THE PIERROT OF THE MINUTE

A Dramatic Fantasy

By Ernest Dowson

[Scene: A glade in the Parc du Petit Trianon. In the center a Doric temple with steps coming down the stage. On the left a little Cupid on a pedestal. Twilight.

Enter Pierrot with his hands full of lilies. He is burdened with a little basket. He stands gazing at the Temple and the Statue.]

Pierrot.

My journey's end!
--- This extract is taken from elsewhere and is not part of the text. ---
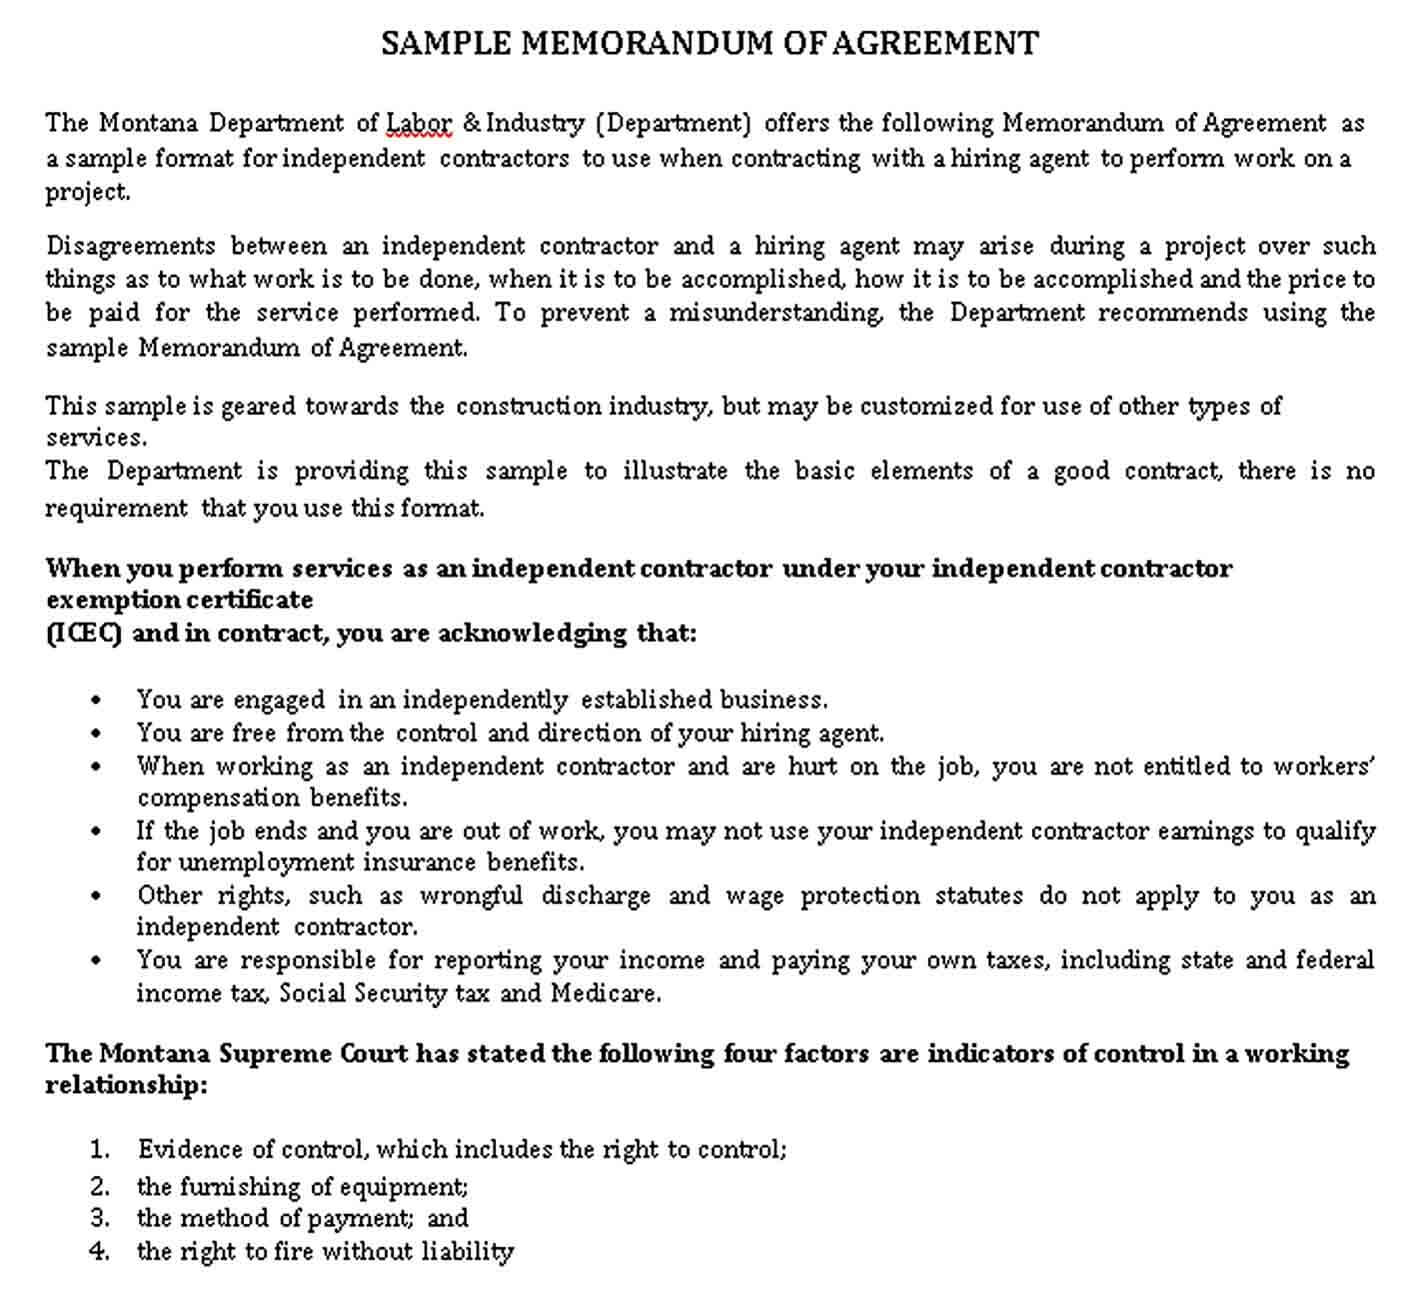 Sample sample memorandum of agreement

This surely is the glade
Which I was promised: I have well obeyed!
A clue of lilies was I bid to find,
Where the green alleys most obscurely wind;
Where tall oaks darkliest canopy o'erhead,
And moss and violet make the softest bed;
Where the path ends, and leagues behind me lie
The gleaming courts and gardens of Versailles;
The lilies streamed before me, green and white;
I gathered, following: they led me right,
To the bright temple and the sacred grove:
This is, in truth, the very shrine of Love!

[He gathers together his flowers and lays them at the foot of Cupid's statue; then he goes timidly up the first steps of the temple and stops.]

It is so solitary, I grow afraid.
Is there no priest here, no devoted maid?
Is there no oracle, no voice to speak,
Interpreting to me the word I seek?

[A very gentle music of lutes floats out from the temple. Pierrot starts back; he shows extreme surprise; then he returns to the foreground, and crouches down in rapt attention until the music ceases. His face grows puzzled and petulant.]